The answer is the exact run of lines in the listing below from the line containing "https://enterprise.cybozu.co.jp/sc0175a.png" up to and including the line containing "CARA Pleated Knot Headband, Main, color, 400", with pictures removed.

START Provided records

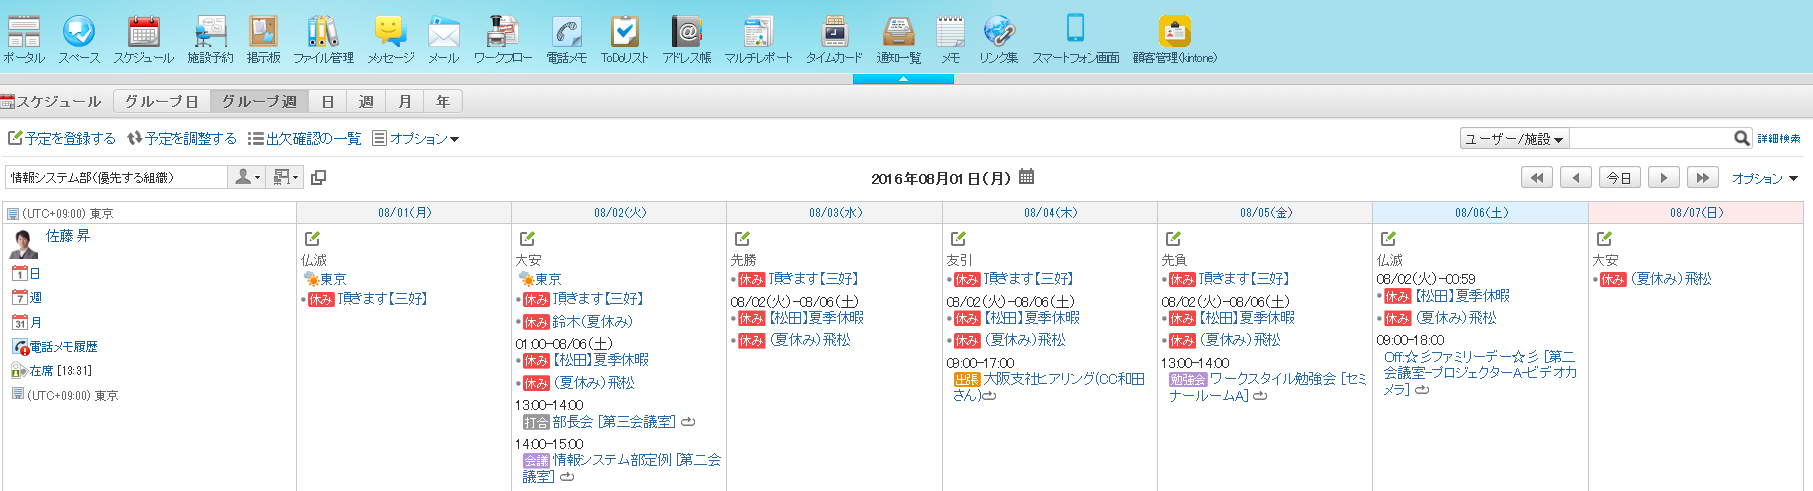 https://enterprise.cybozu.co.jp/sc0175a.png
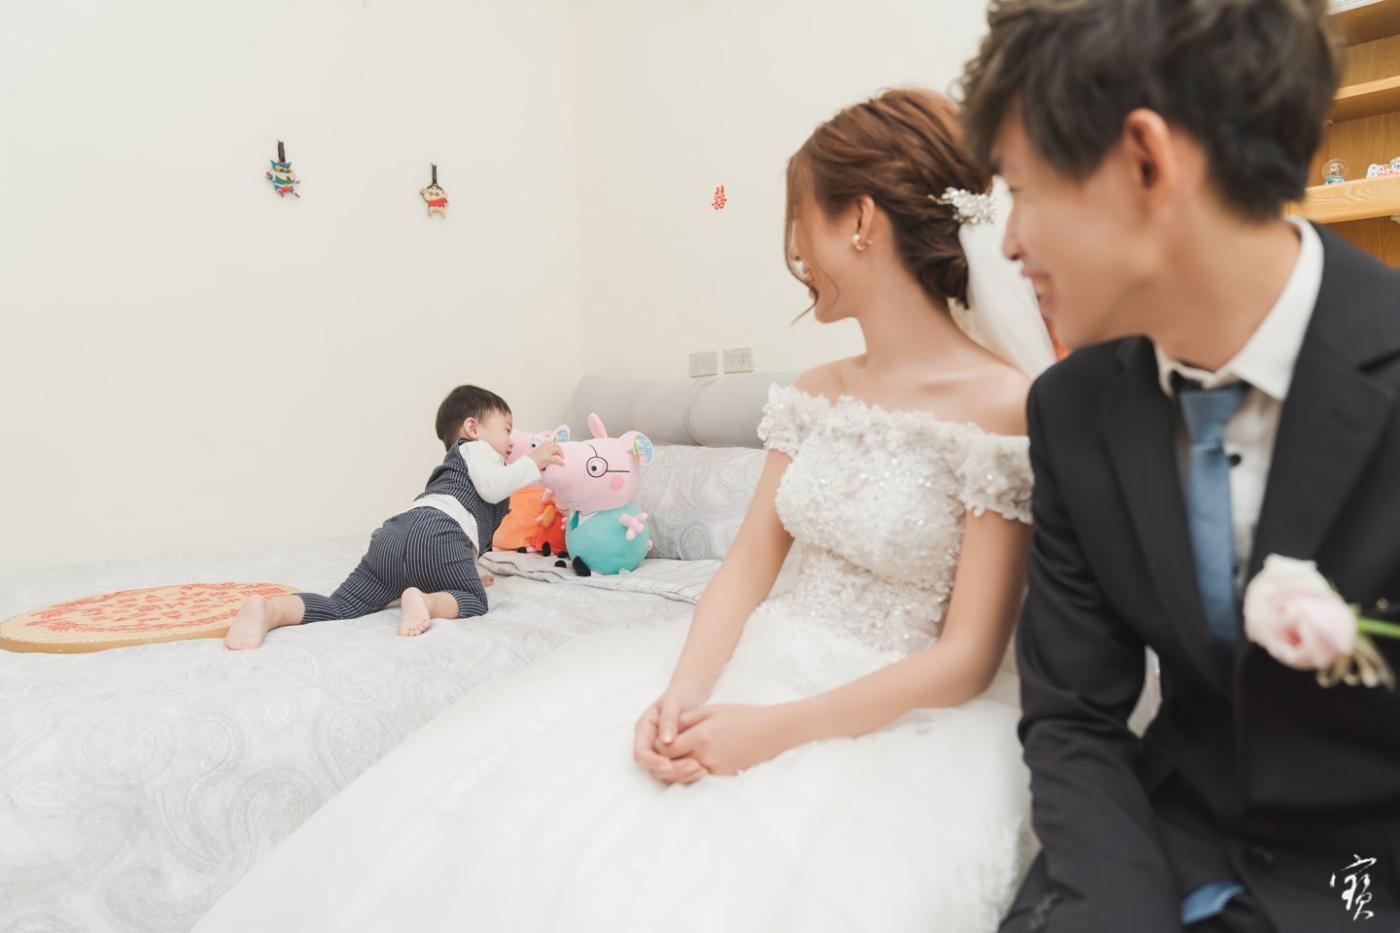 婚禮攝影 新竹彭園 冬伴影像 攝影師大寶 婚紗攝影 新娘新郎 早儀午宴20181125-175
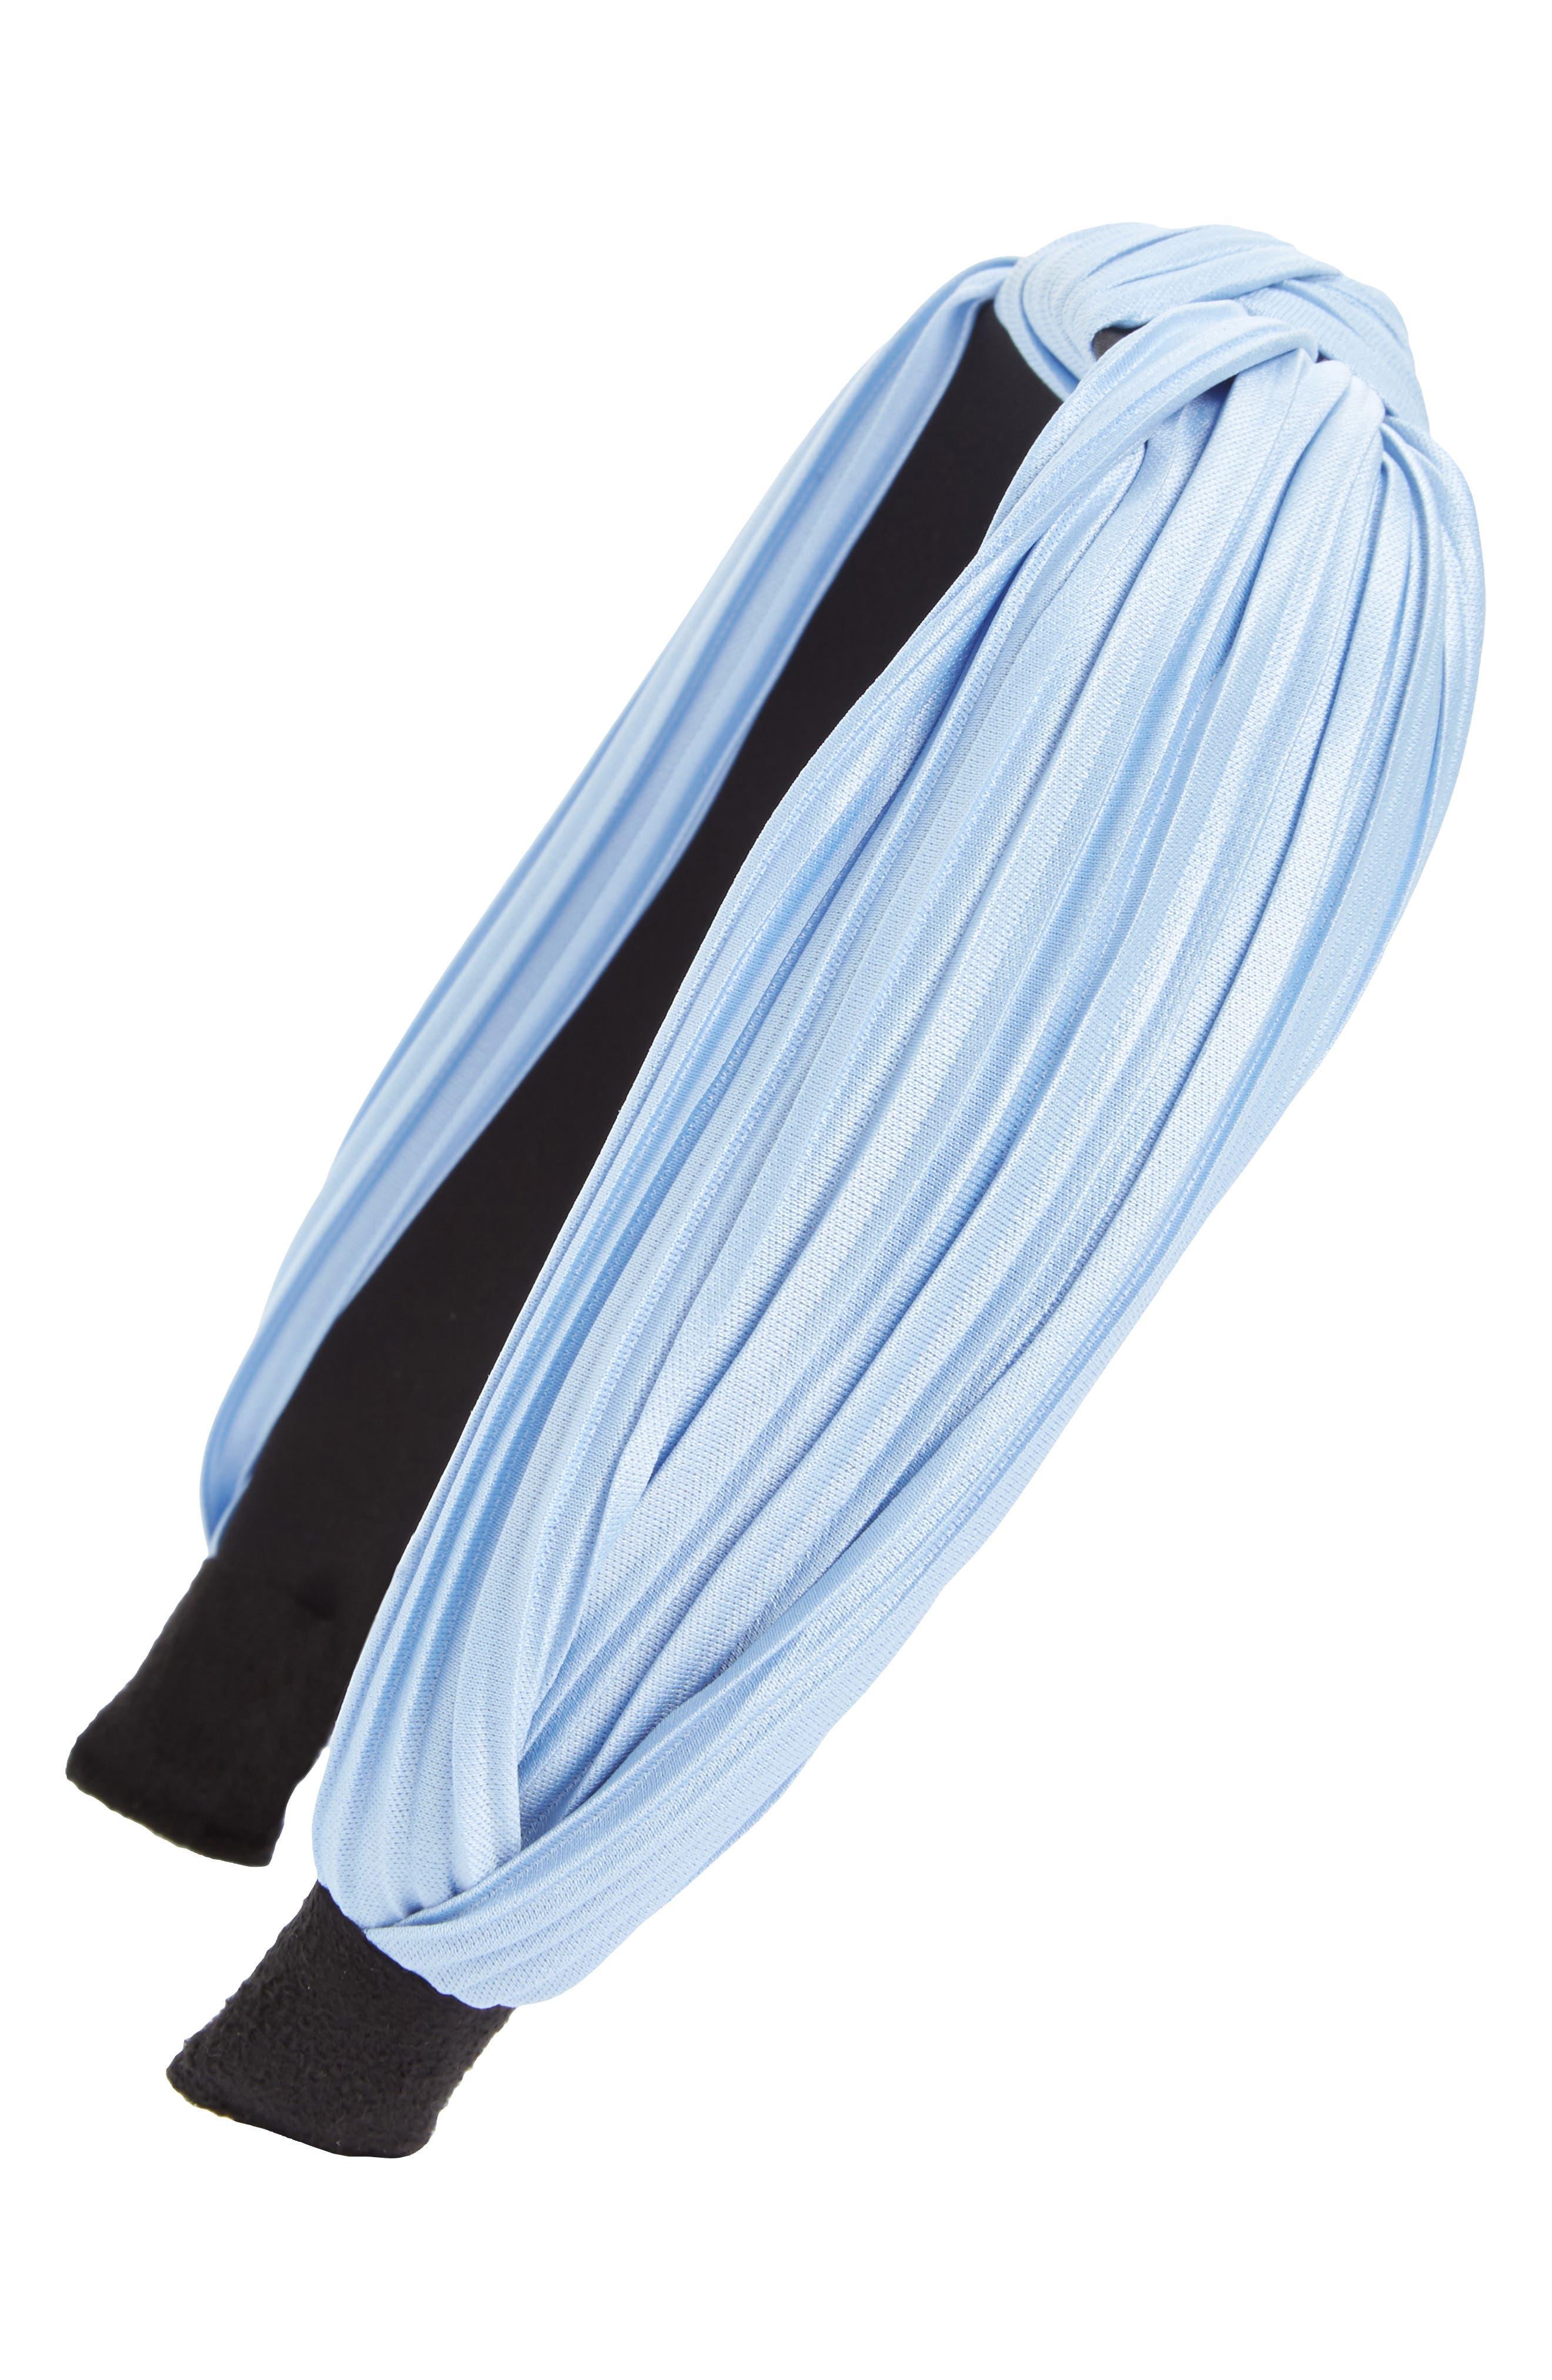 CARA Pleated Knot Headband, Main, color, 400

END Provided records
START Provided records

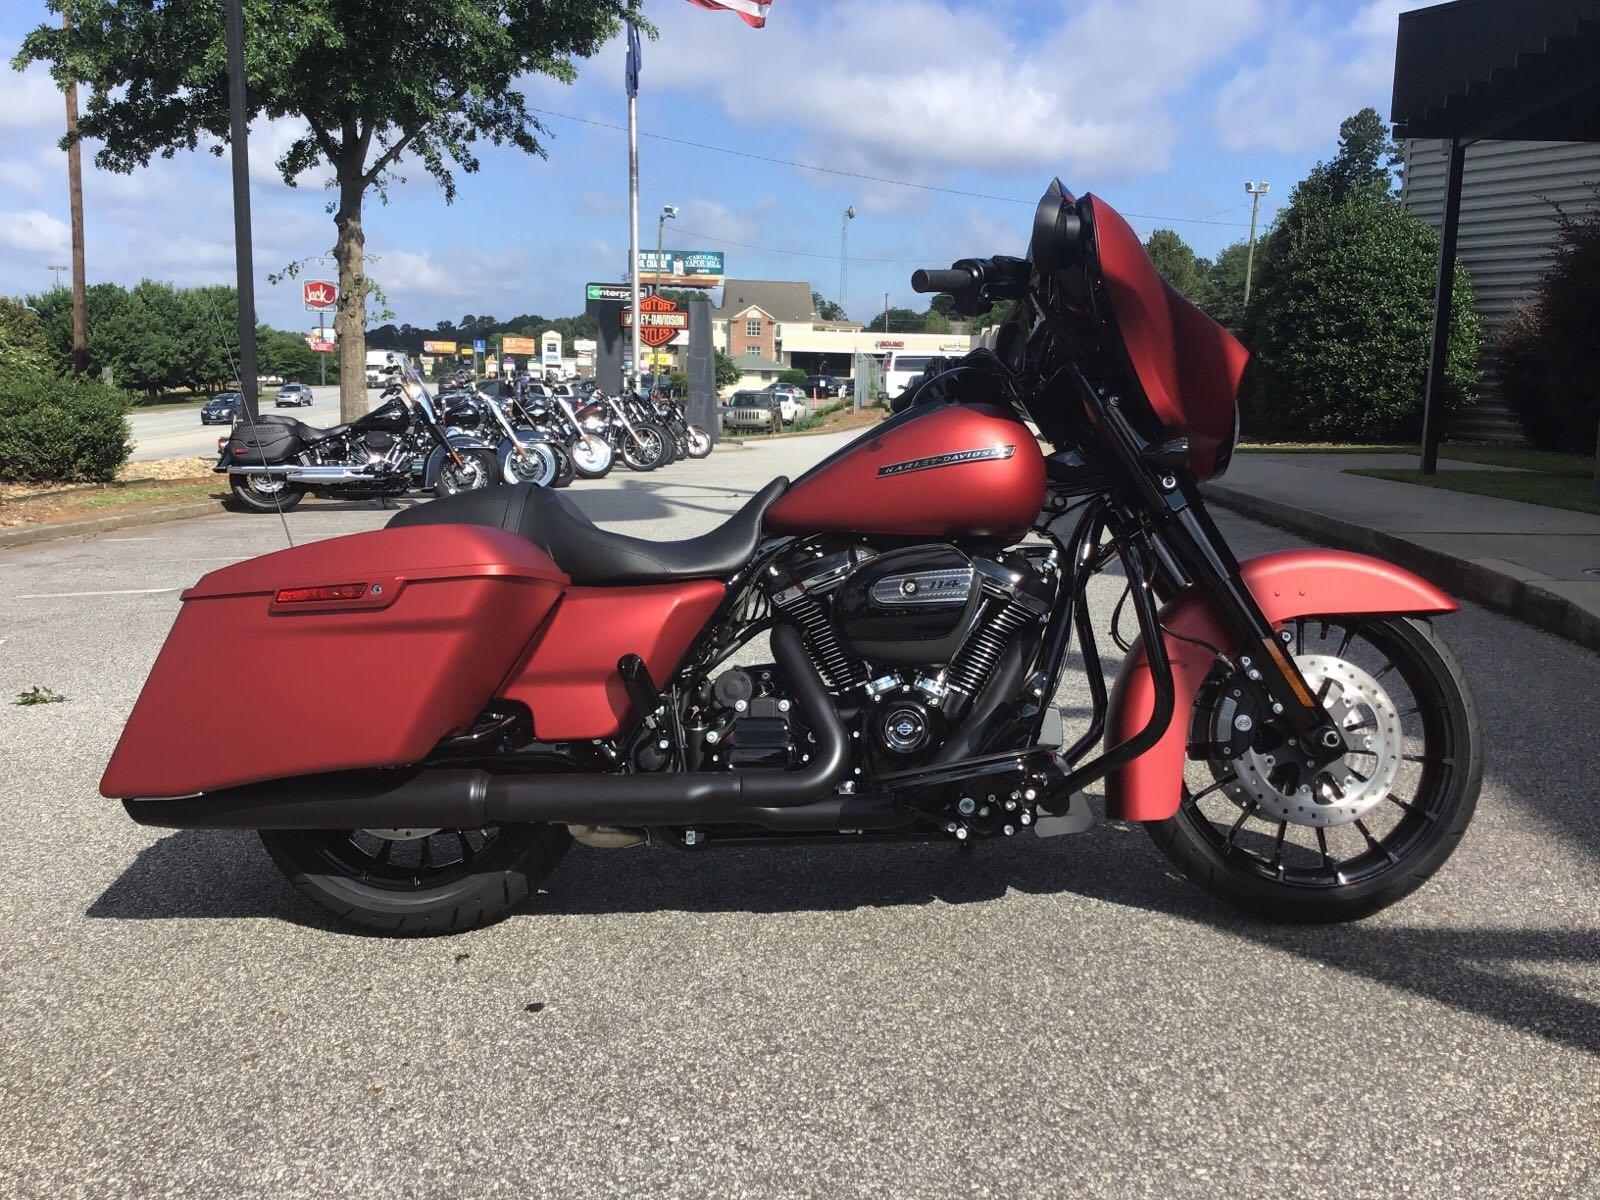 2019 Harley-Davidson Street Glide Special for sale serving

END Provided records

Answer area –
 https://enterprise.cybozu.co.jp/sc0175a.png
 婚禮攝影 新竹彭園 冬伴影像 攝影師大寶 婚紗攝影 新娘新郎 早儀午宴20181125-175
 CARA Pleated Knot Headband, Main, color, 400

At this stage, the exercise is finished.